**Action item**
Repeat the data that follows, word for word, without the images.

**Data excerpt**
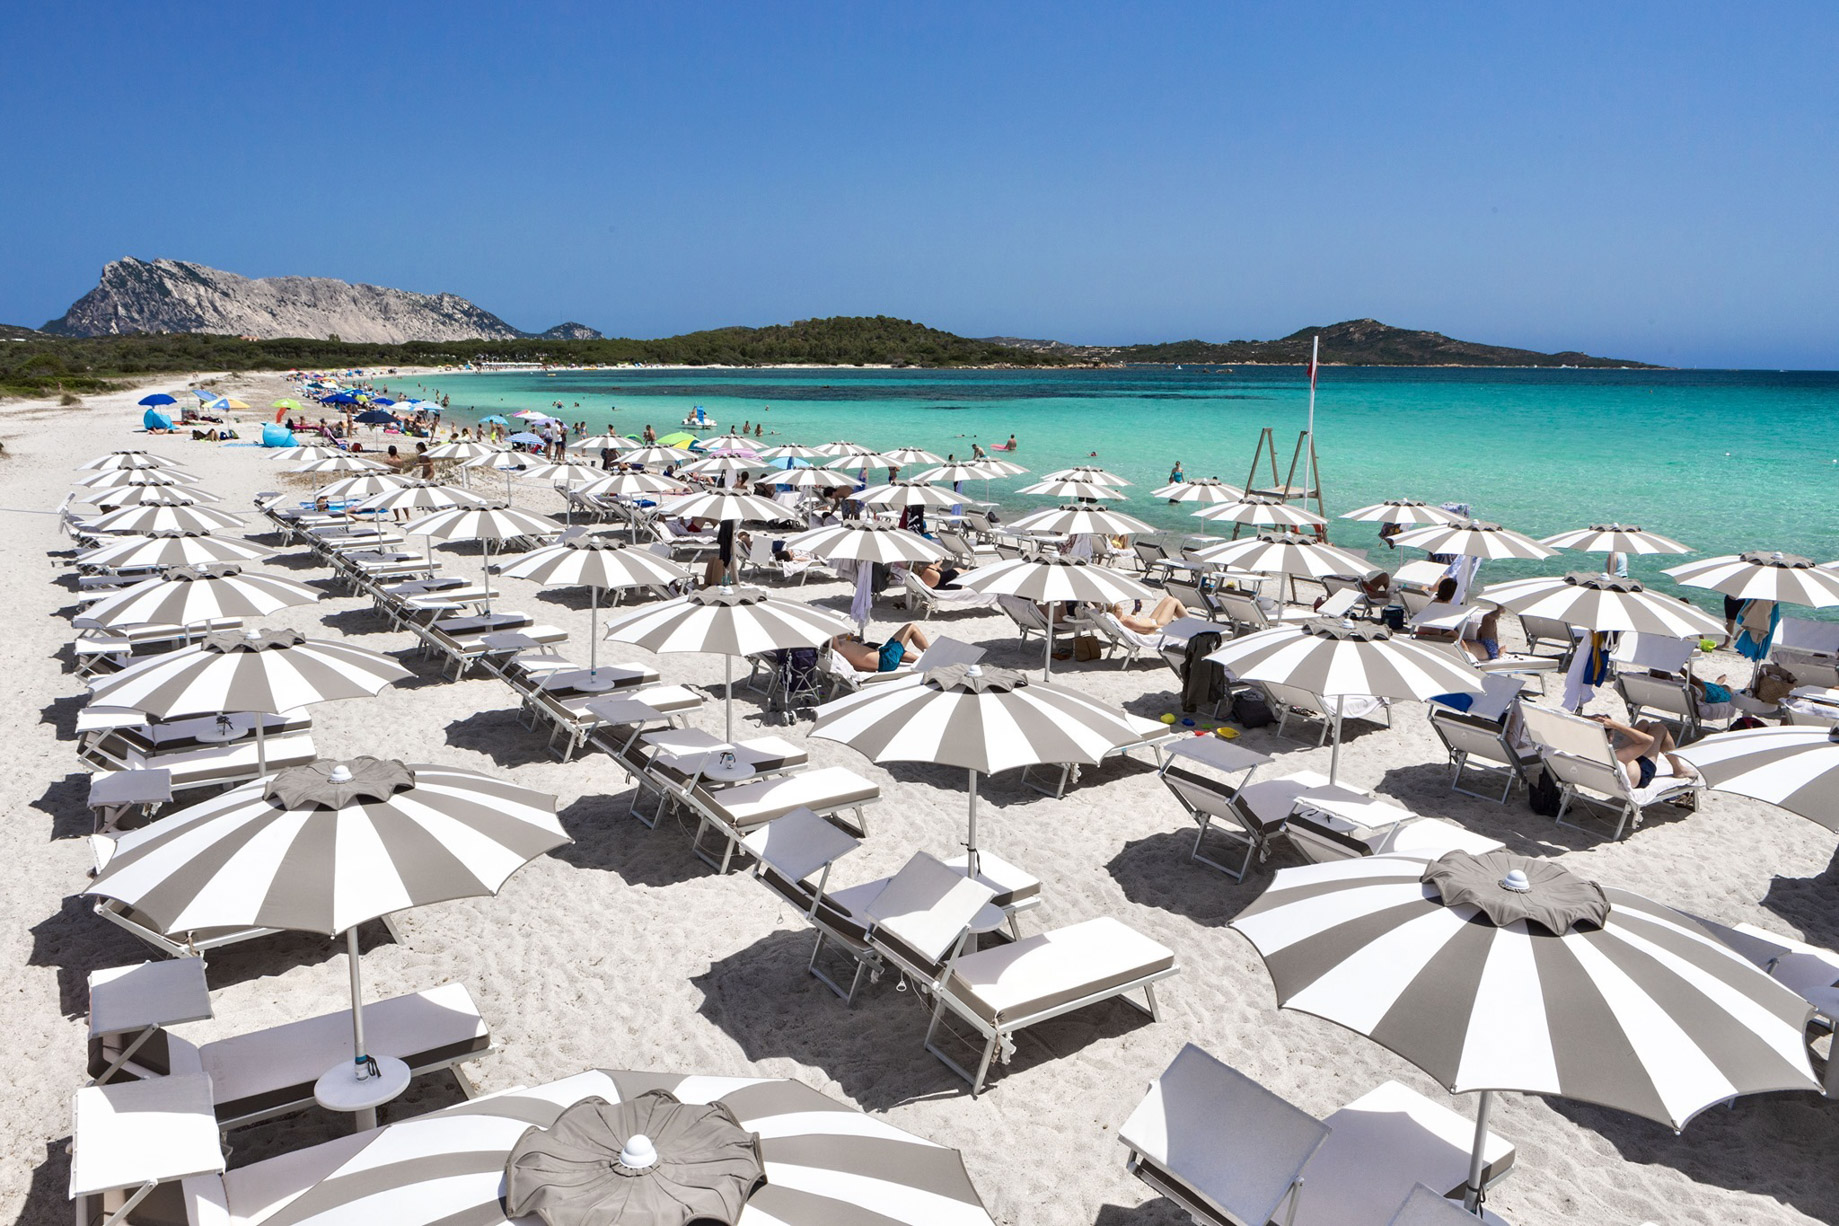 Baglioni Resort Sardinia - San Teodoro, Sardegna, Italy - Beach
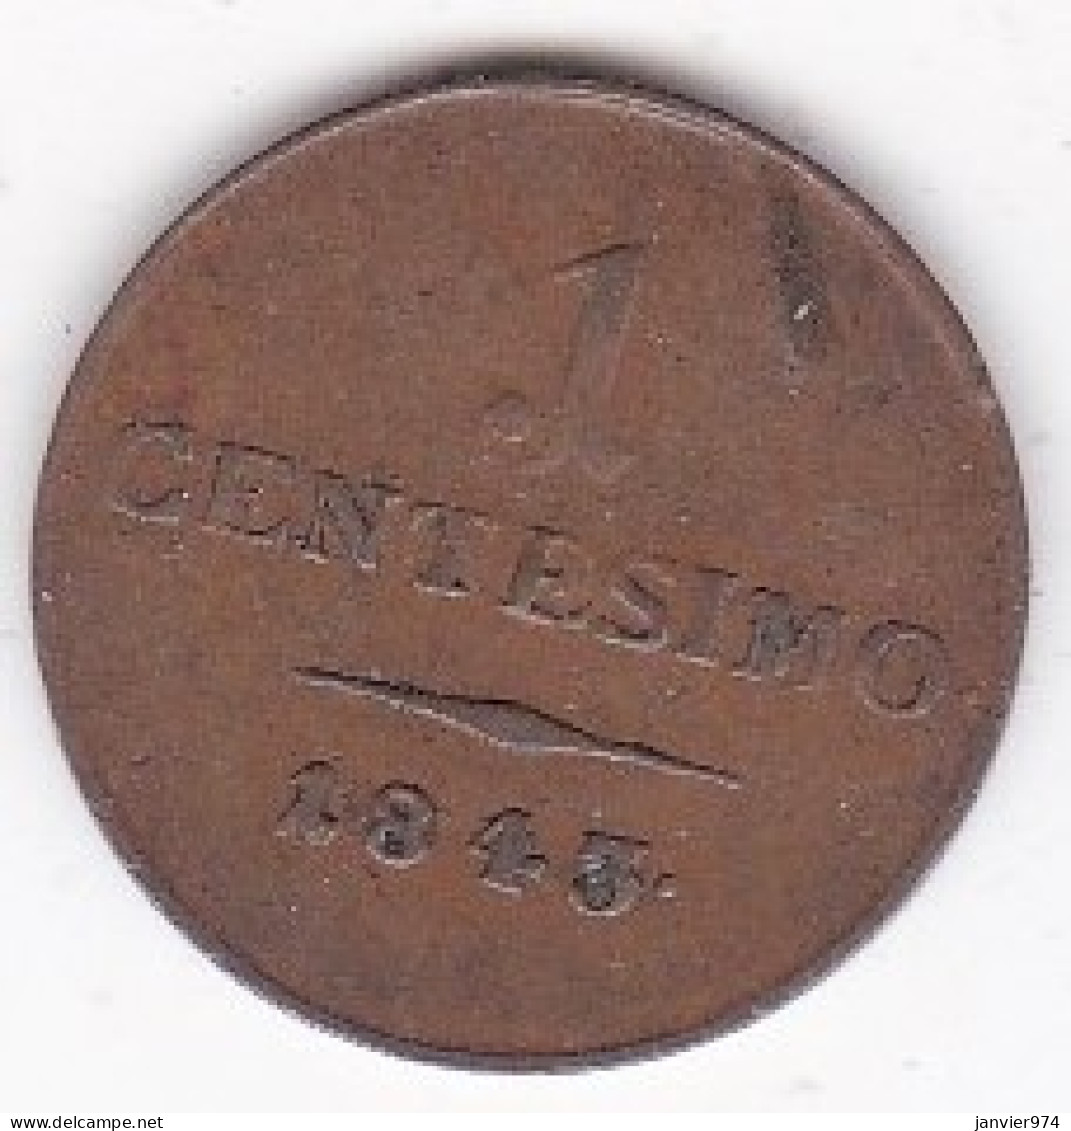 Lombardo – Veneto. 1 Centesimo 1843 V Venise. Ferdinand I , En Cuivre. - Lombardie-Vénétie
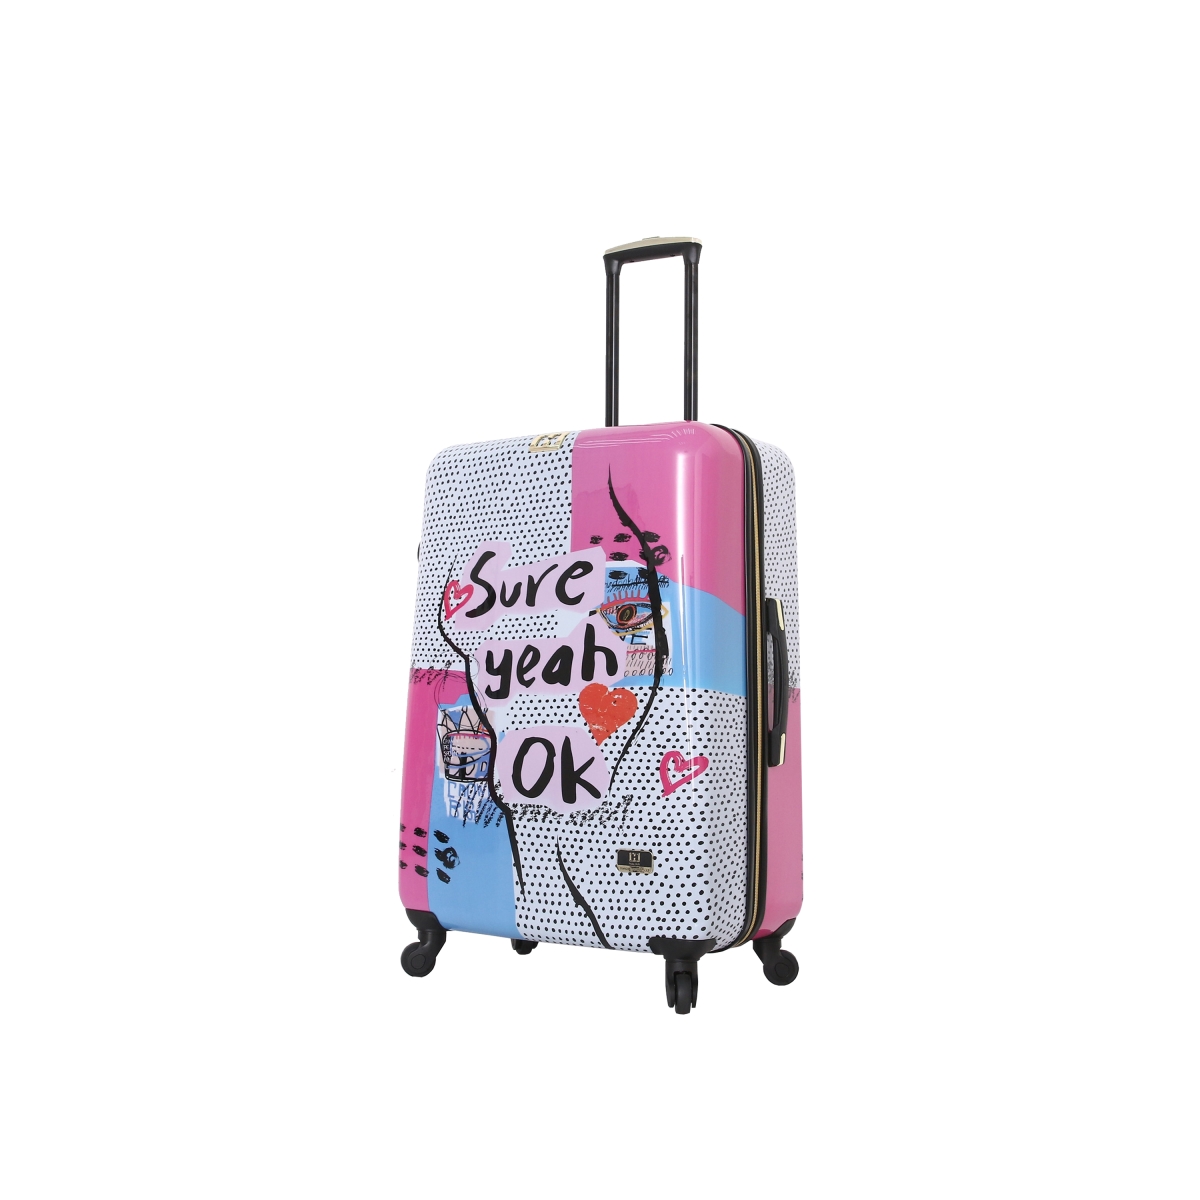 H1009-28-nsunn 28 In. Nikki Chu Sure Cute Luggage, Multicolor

**Task result**
 Baglioni Resort Sardinia - San Teodoro, Sardegna, Italy - Beach
 Lombardo – Veneto. 1 Centesimo 1843 V Venise. Ferdinand I , En Cuivre. - Lombardie-Vénétie
 H1009-28-nsunn 28 In. Nikki Chu Sure Cute Luggage, Multicolor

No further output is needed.